**PROBLEM REQUIREMENTS**
The whole listing, pictures aside, should be reproduced exactly.

**RECORDED DATA**
◇ ◇ ◇ ◇ ◇

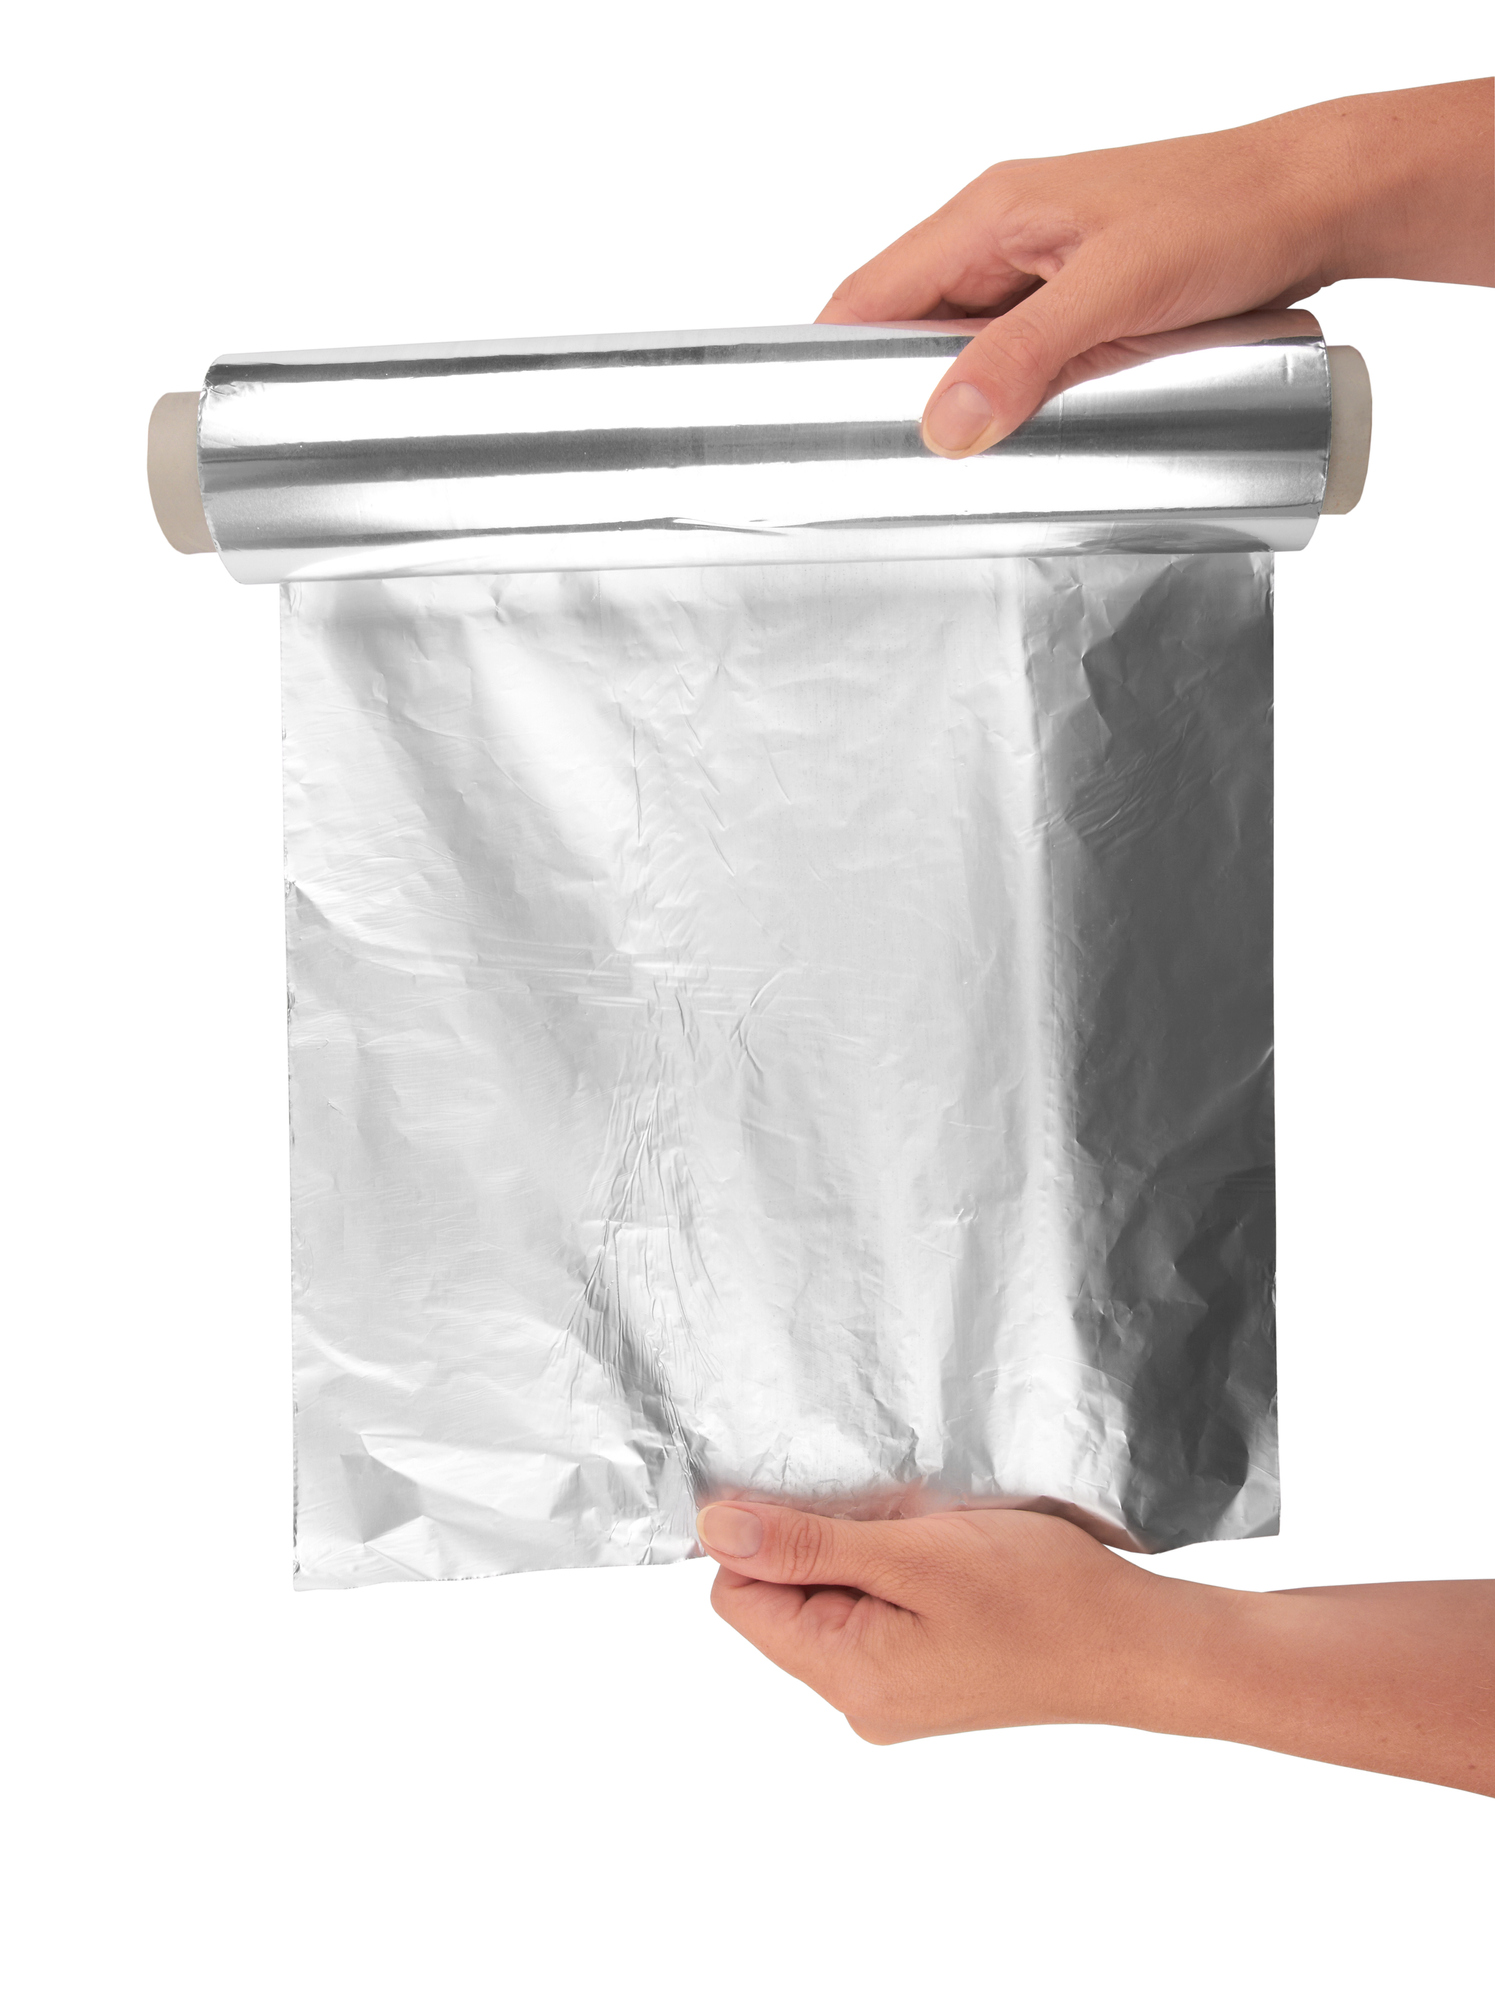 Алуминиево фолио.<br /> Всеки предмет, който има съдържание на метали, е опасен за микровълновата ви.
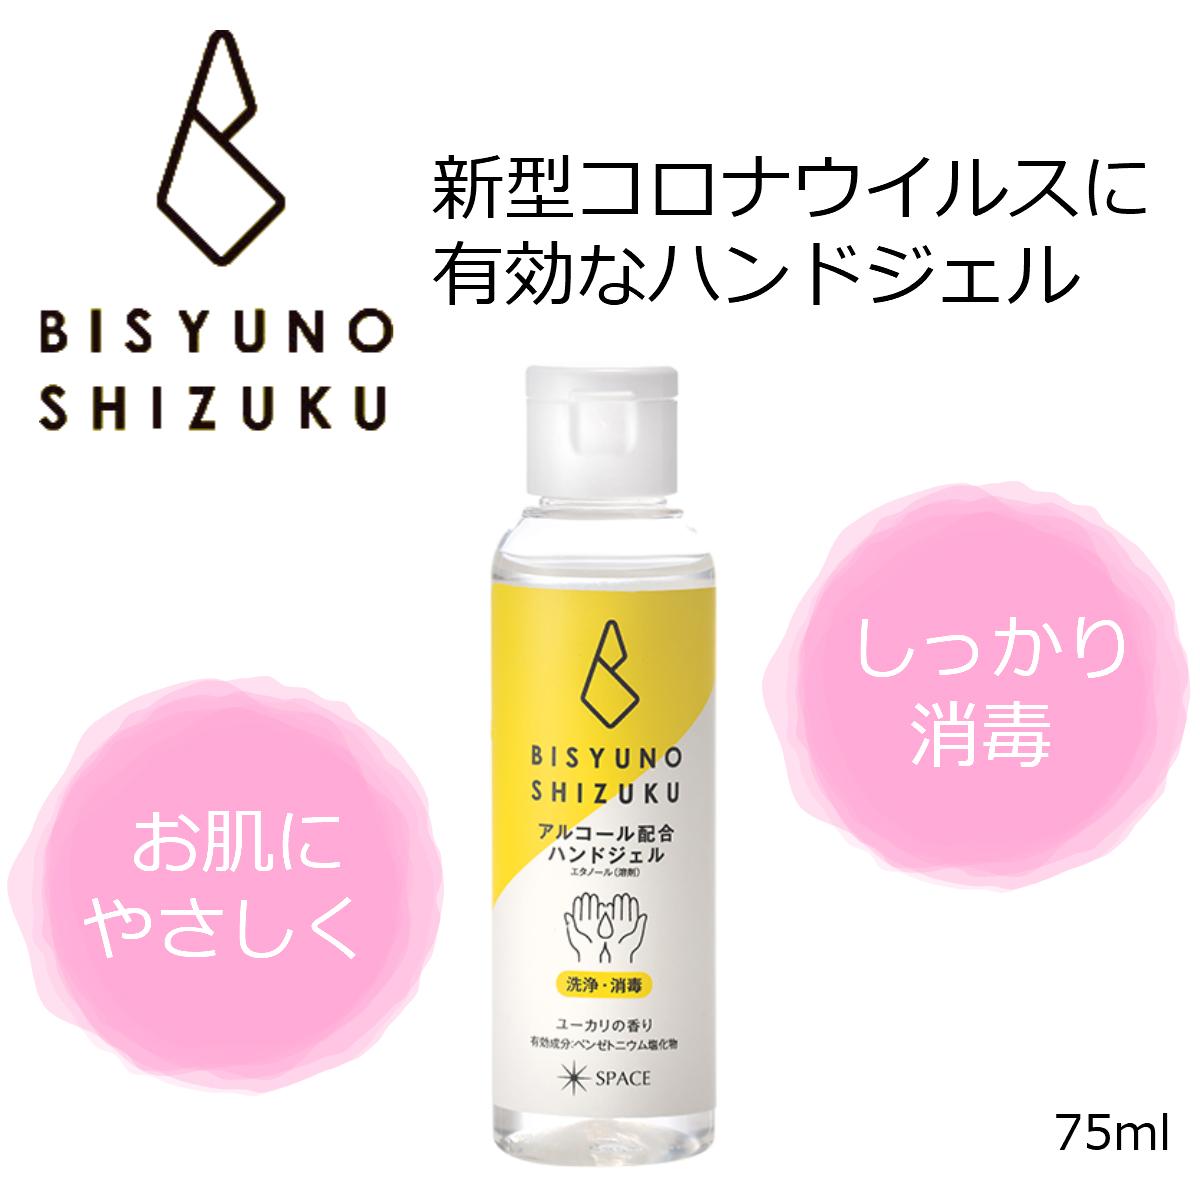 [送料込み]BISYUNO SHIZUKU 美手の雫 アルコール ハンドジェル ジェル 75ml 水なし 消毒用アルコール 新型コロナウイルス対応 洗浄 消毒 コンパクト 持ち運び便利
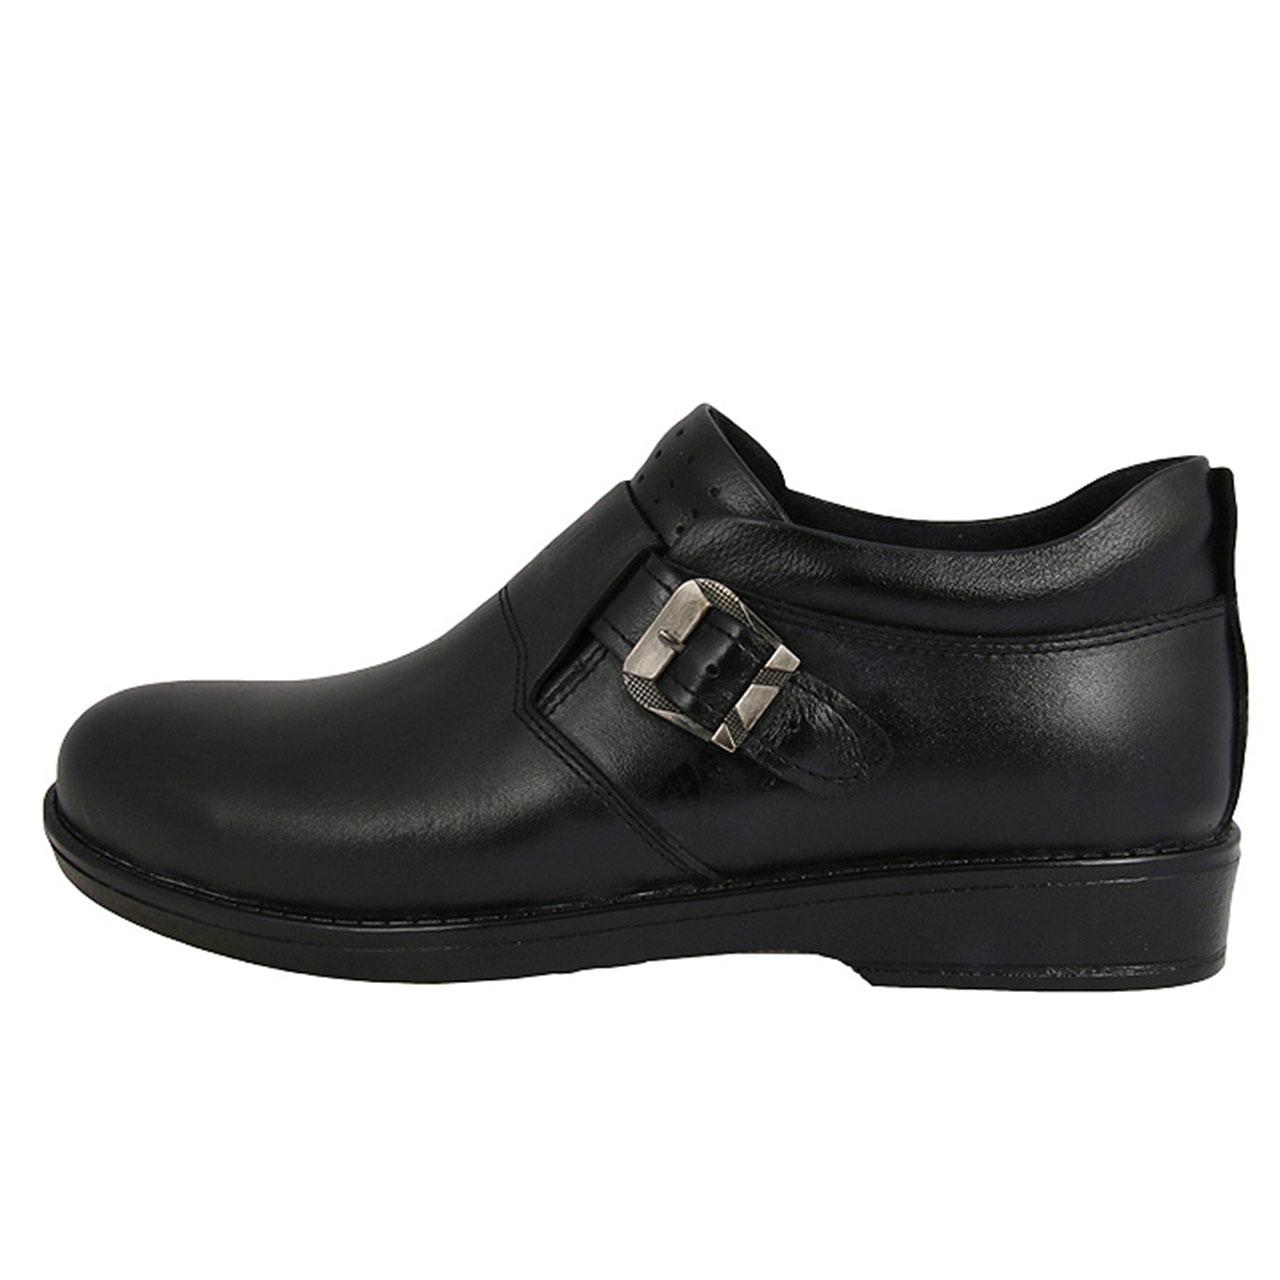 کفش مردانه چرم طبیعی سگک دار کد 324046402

◇ ◇ ◇ ◇ ◇

**RESPONSE AREA**
 Алуминиево фолио.<br /> Всеки предмет, който има съдържание на метали, е опасен за микровълновата ви.
 [送料込み]BISYUNO SHIZUKU 美手の雫 アルコール ハンドジェル ジェル 75ml 水なし 消毒用アルコール 新型コロナウイルス対応 洗浄 消毒 コンパクト 持ち運び便利
 کفش مردانه چرم طبیعی سگک دار کد 324046402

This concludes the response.